Single by Chris Tomlin

from the album Arriving
- Released: 2006
- Genre: Contemporary worship music
- Length: 4:26
- Label: sixsteps/Sparrow
- Songwriters: Chris Tomlin; Jesse Reeves; Ed Cash;
- Producer: Ed Cash

= How Great Is Our God =

"How Great Is Our God" is a song written by Chris Tomlin, Jesse Reeves and Ed Cash. It was originally featured on Tomlin's album Arriving, that reached No. 1 on the Billboard Hot Christian Songs chart. It is also featured live on Tomlin's Live from Austin Music Hall album. As of November 2014, it was the fifth most popular worship song, according to CCLI's top 25 worship songs chart. It also reached No. 1 on Christian Music Weekly's 20 The Countdown Magazine's Top 20 Worship Songs Chart. The song won the Dove Award for Song of the Year and Worship Song of the Year at the 2006 GMA Dove Awards, and Worship Song of the Year again at the 2008 GMA Dove Awards.

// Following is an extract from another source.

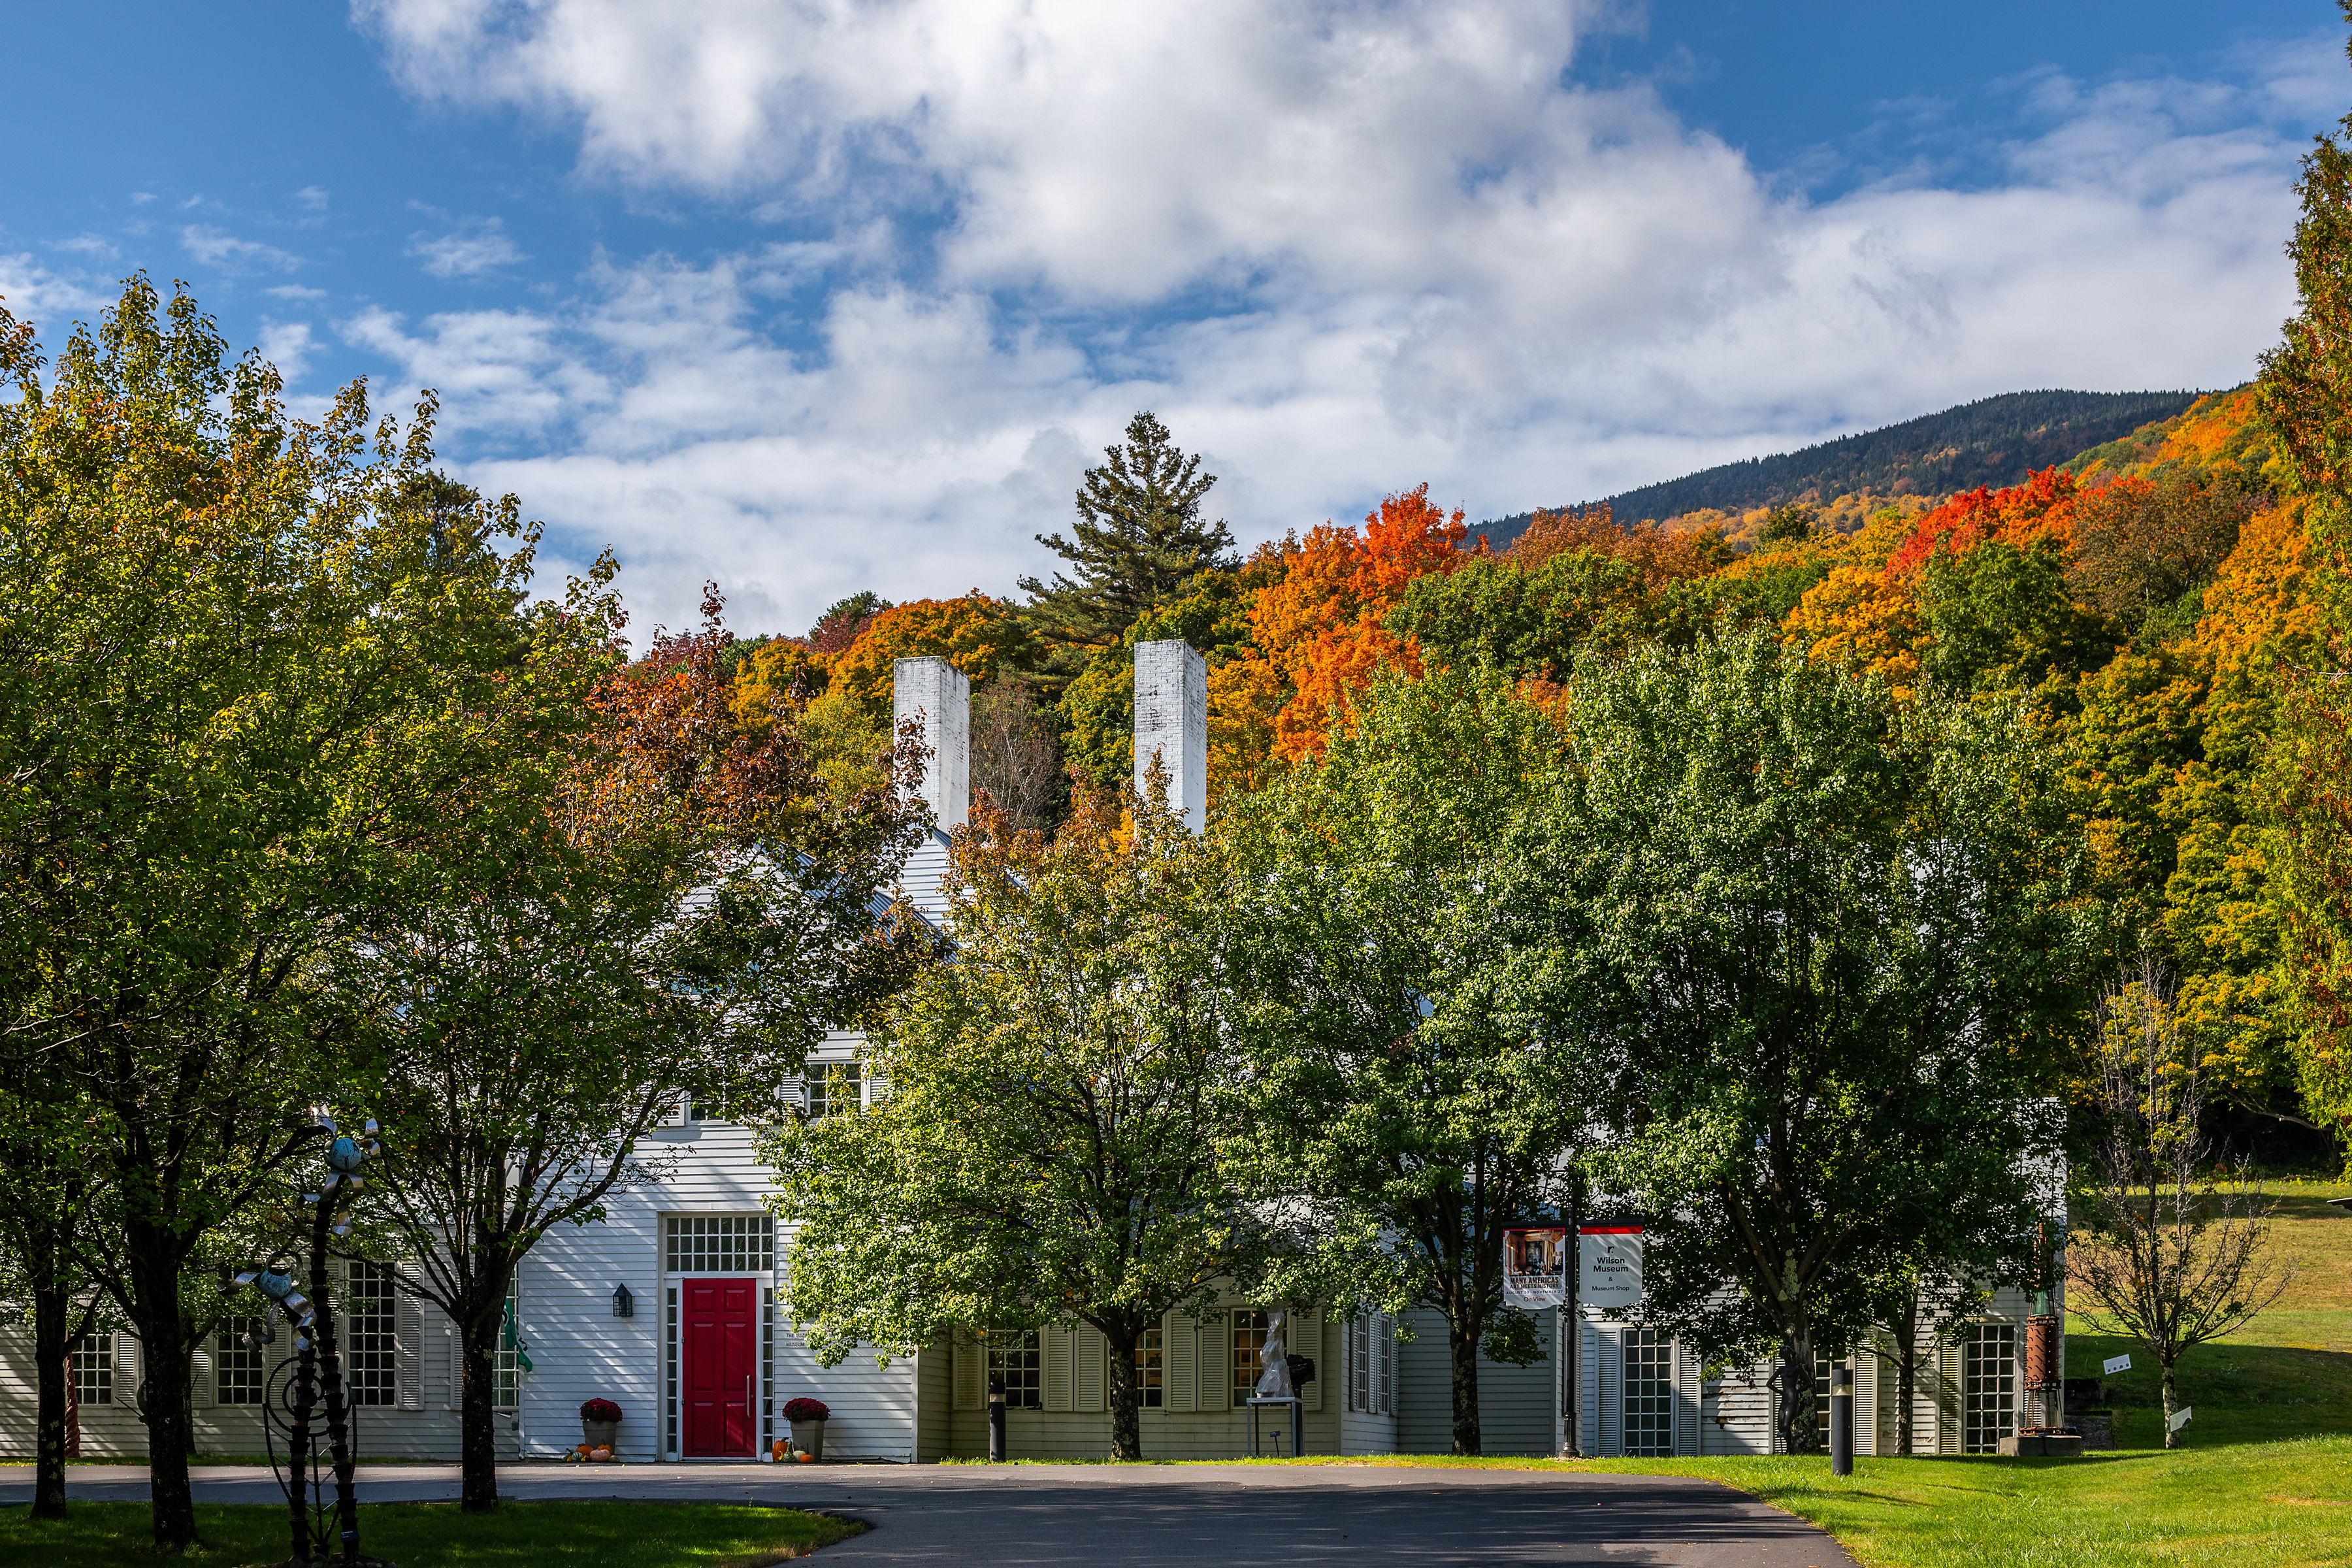 Exterior and surroundings of Southern Vermont Arts Center.

In 2009, gospel/jazz keyboardist Ben Tankard, presented his instrumental rendition of the song from Tankard's No. 1 charting album, Mercy, Mercy, Mercy.

At Passion 2012, Tomlin performed a new edition of this song called "How Great Is Our God: World Edition". This new version included the original lyrics sung in several different languages: English, Hindi, Indonesian, Russian, Spanish, Portuguese, Zulu, Afrikaans and Mandarin. It is the first track of his Chris Tomlin: The Essential Collection album.

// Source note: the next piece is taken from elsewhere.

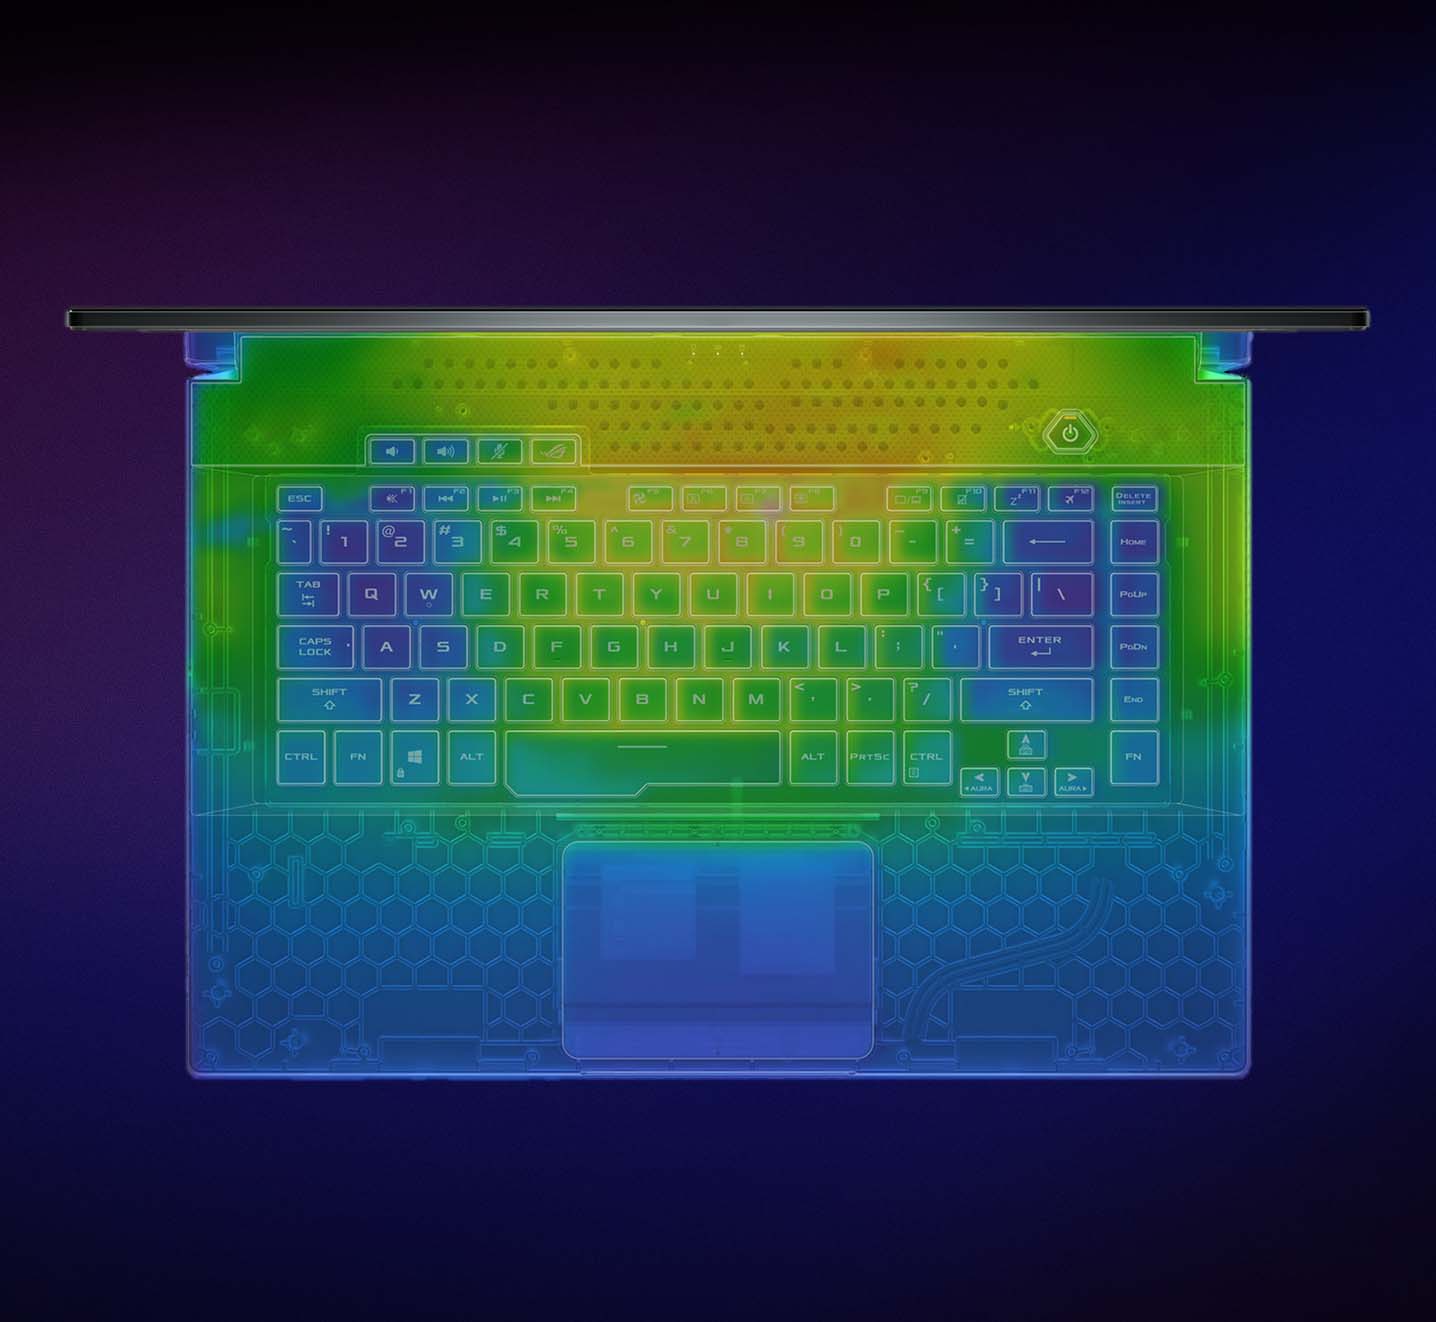 The image of coolzone keyboard keeping your hands frosty

The song has also been adapted to be sung by small Christian choirs.

==Charts==

===Weekly charts===

| Chart (2006) | Peak position |
|---|---|
| US Hot Christian Songs (Billboard) | 1 |

===Year-end charts===

| Chart (2006) | Position |
|---|---|
| US Billboard Hot Christian Songs | 3 |

===Decade-end charts===

| Chart (2000s) | Position |
|---|---|
| Billboard Hot Christian Songs | 26 |

==Certifications==

| Region | Certification | Certified units/sales |
| New Zealand (RMNZ) | Gold | 15,000^{‡} |
| United States (RIAA) | 2× Platinum | 2,000,000^{‡} |
^{‡} Sales+streaming figures based on certification alone.